I bought one in Saudi and I can get everything on it that I want, although it does keep offering me downloads of the Koran.
Personally I would buy one from the States but only if I was visiting, if having to ship it etc then you are as well buying on here


----------



## meb01999 (Mar 13, 2011)

okay - but you say that i'd be well off buying it here just because of ease right? really - i can save about a thousand LE by buying it there - and i don't mind the wait. so if it's just ease of buying - i think i'd still rather wait and save the thousand LE.


----------



## MaidenScotland (Jun 6, 2009)

meb01999 said:


> okay - but you say that i'd be well off buying it here just because of ease right? really - i can save about a thousand LE by buying it there - and i don't mind the wait. so if it's just ease of buying - i think i'd still rather wait and save the thousand LE.

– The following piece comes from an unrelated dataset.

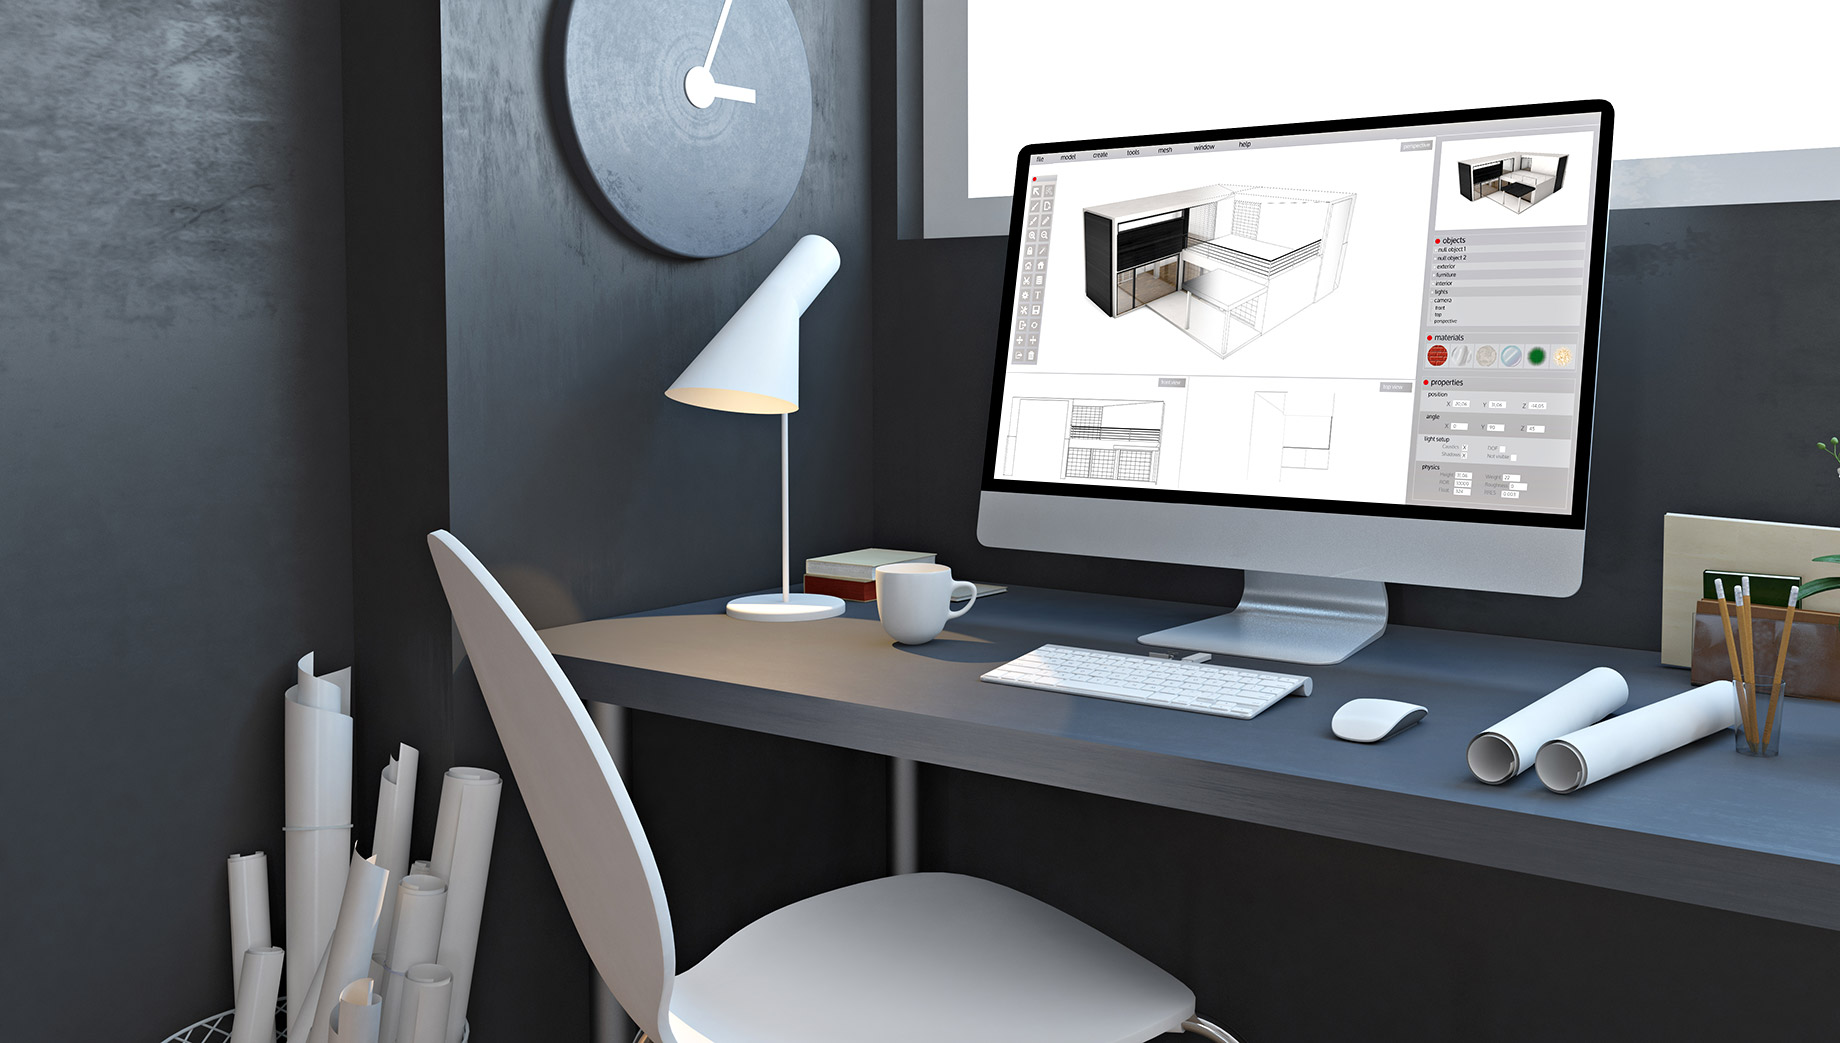 Home Design Software on iMac

but will you save? import tax, maybe a trip to customs. tips and then you might not even receive it


----------



## Moe599 (Jun 26, 2011)

I have a iPod and an iPhone from the states an both work fine. Also I just had a new laptop shipped from the states and no problem with customs. I just had to pay a customs fee. I can't figure out how they came up with that amount. Oh well, welcome to Egypt!

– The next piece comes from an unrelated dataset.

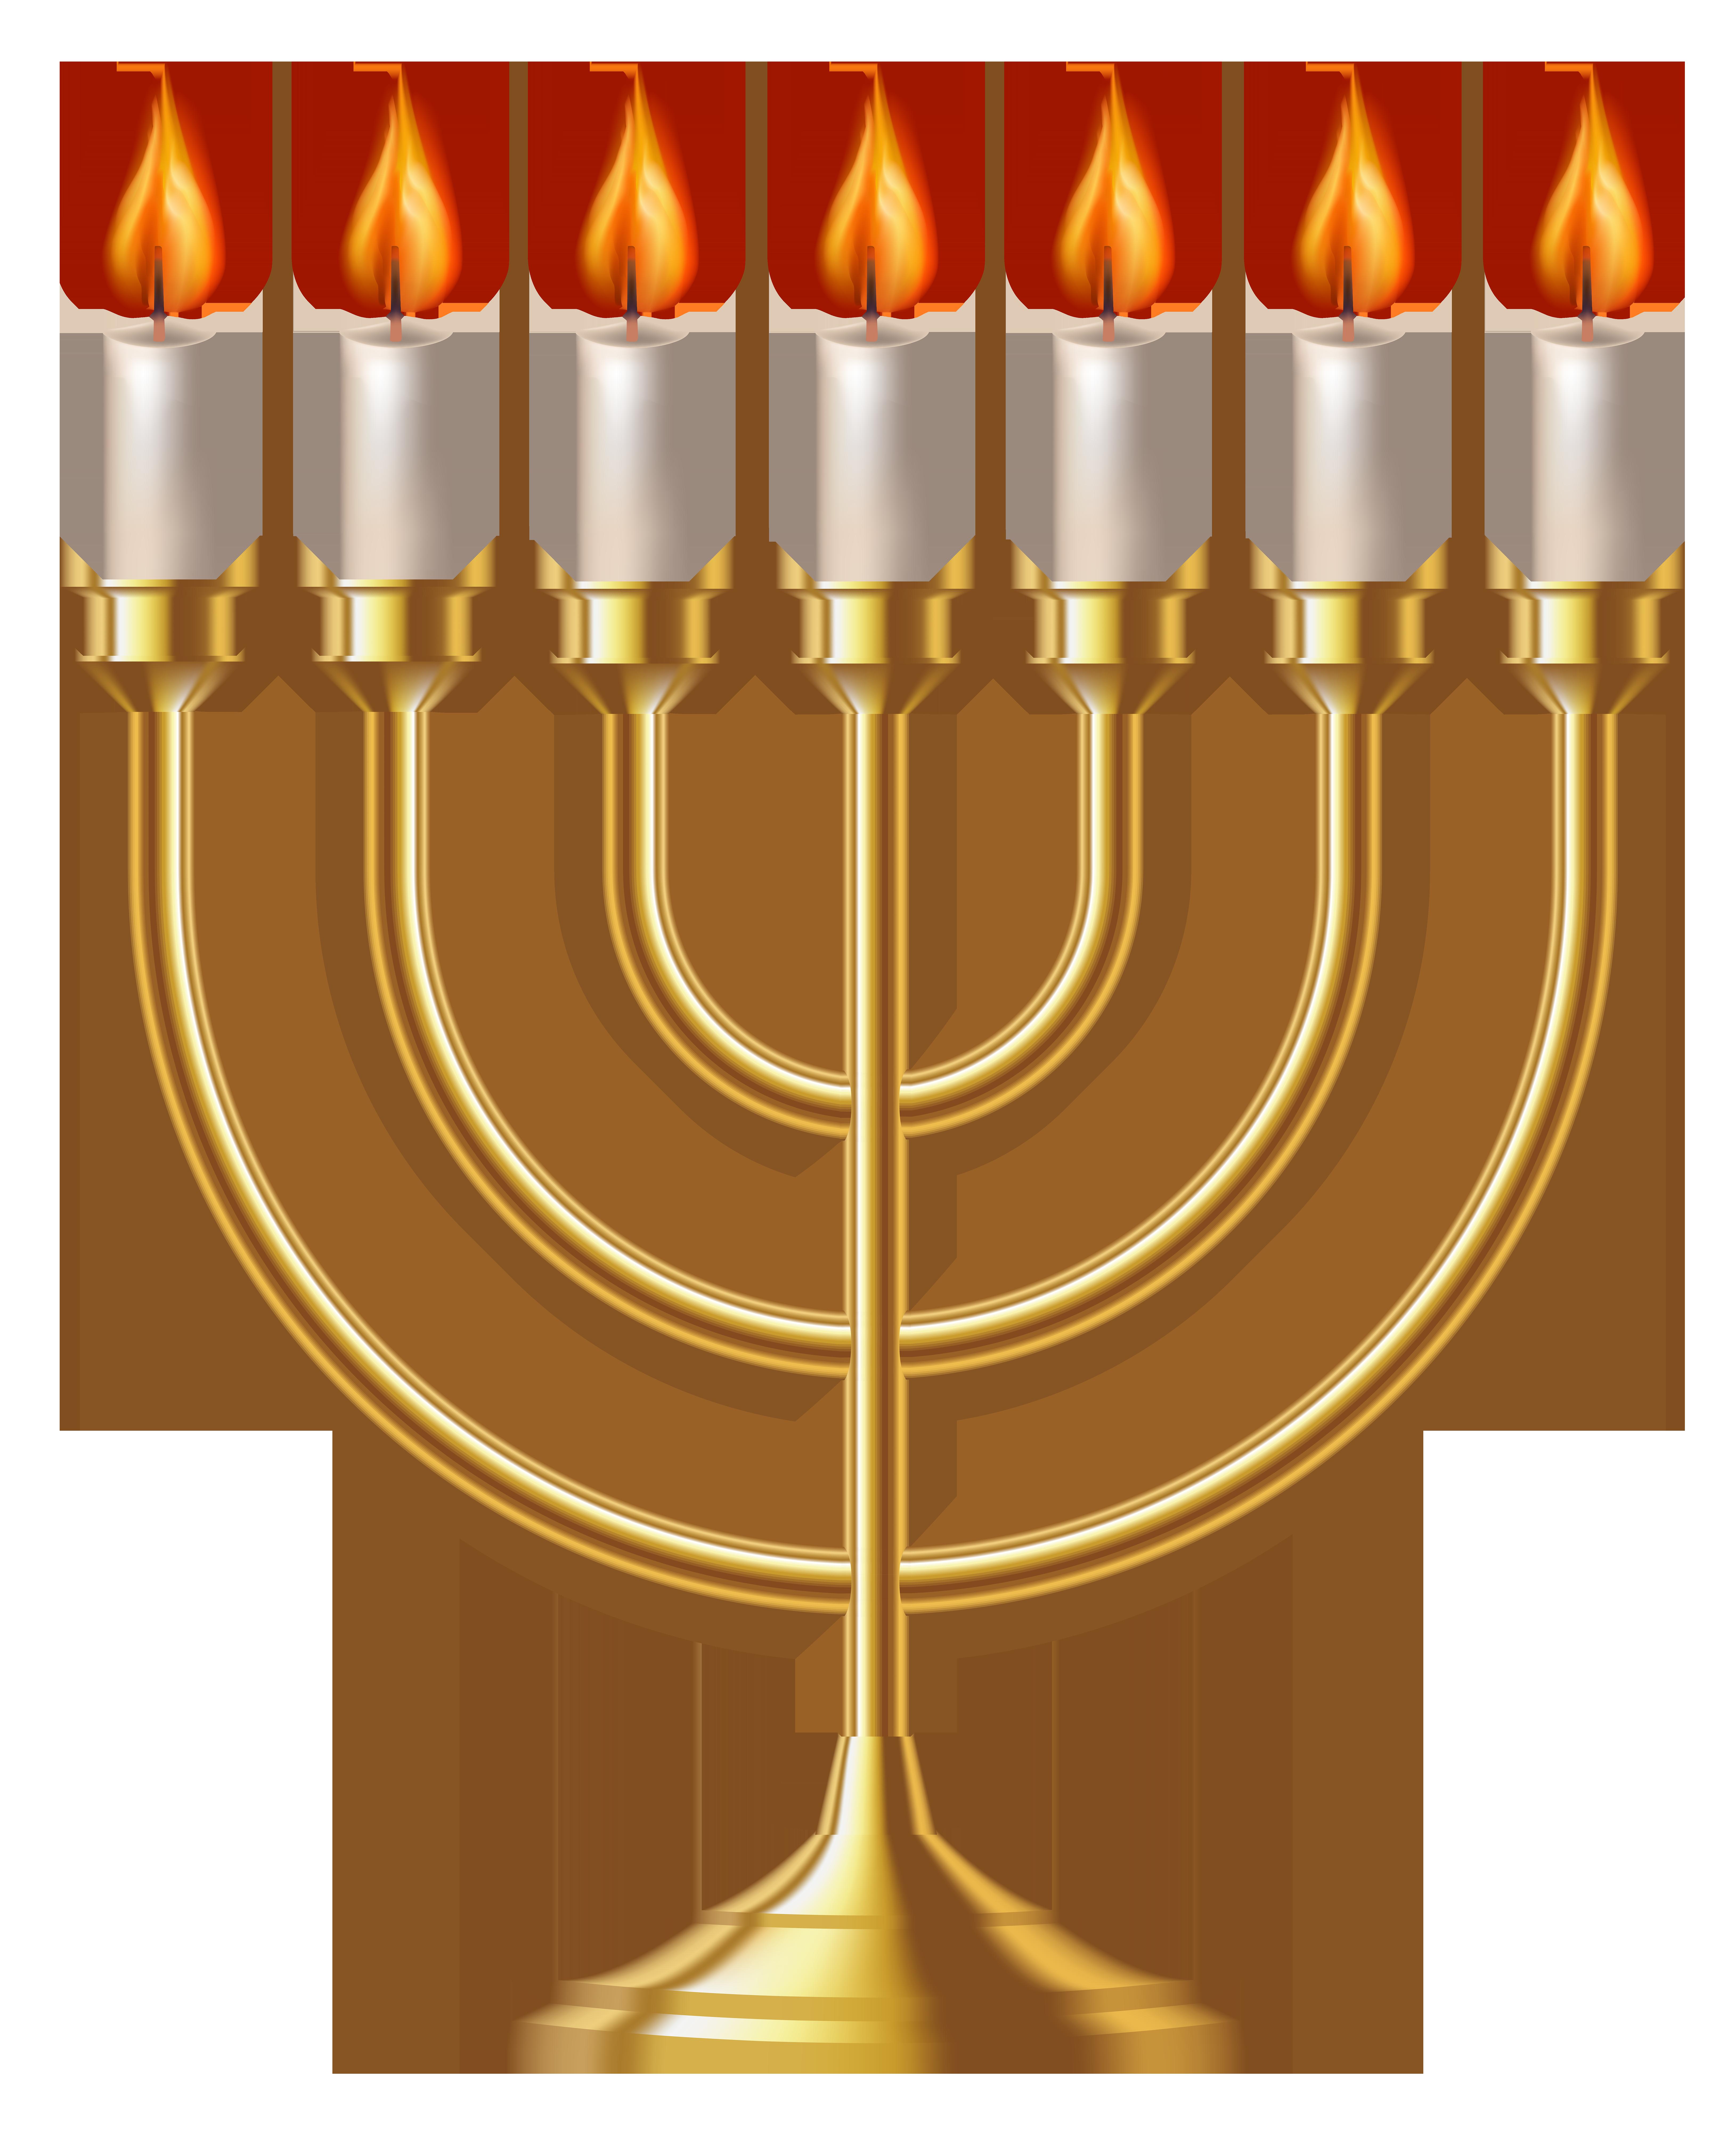 Candle clipart candlestick. Png clip art best

Sent from my iPhone using ExpatForum


----------



## MaidenScotland (Jun 6, 2009)

Moe599 said:


> I have a iPod and an iPhone from the states an both work fine. Also I just had a new laptop shipped from the states and no problem with customs. I just had to pay a customs fee. I can't figure out how they came up with that amount. Oh well, welcome to Egypt!
> 
> Sent from my iPhone using ExpatForum


Was it exorbitant.. the customs?


----------



## Moe599 (Jun 26, 2011)

The way I have calculated it was around 15% of the value of the laptop. It should of been only 10% sales tax. I tried to argue it but it was like banging my head on the wall so I just paid and left. I was clearly told and was verified that is should be 10%. Oh well.

Sent from my iPhone using ExpatForum


----------



## DeadGuy (Jan 22, 2010)

If you buy a laptop/cell phone/Digital anything from here and compare it to the same item but bought from US or Europe then you'll find plenty of differences; usually the main difference is noticed on batteries, cables, and sometimes, and as MaidenScotland mentioned already, the preloaded software "might" include unwanted preloaded/saved applications and/or settings.

If I had the choice then I wouldn't be buying it from Egypt, even if buying it from the US or Europe would cost me A LOT more, you'd get a higher quality item, and better quality accessories in the package, and that's what matters I think :ranger:


----------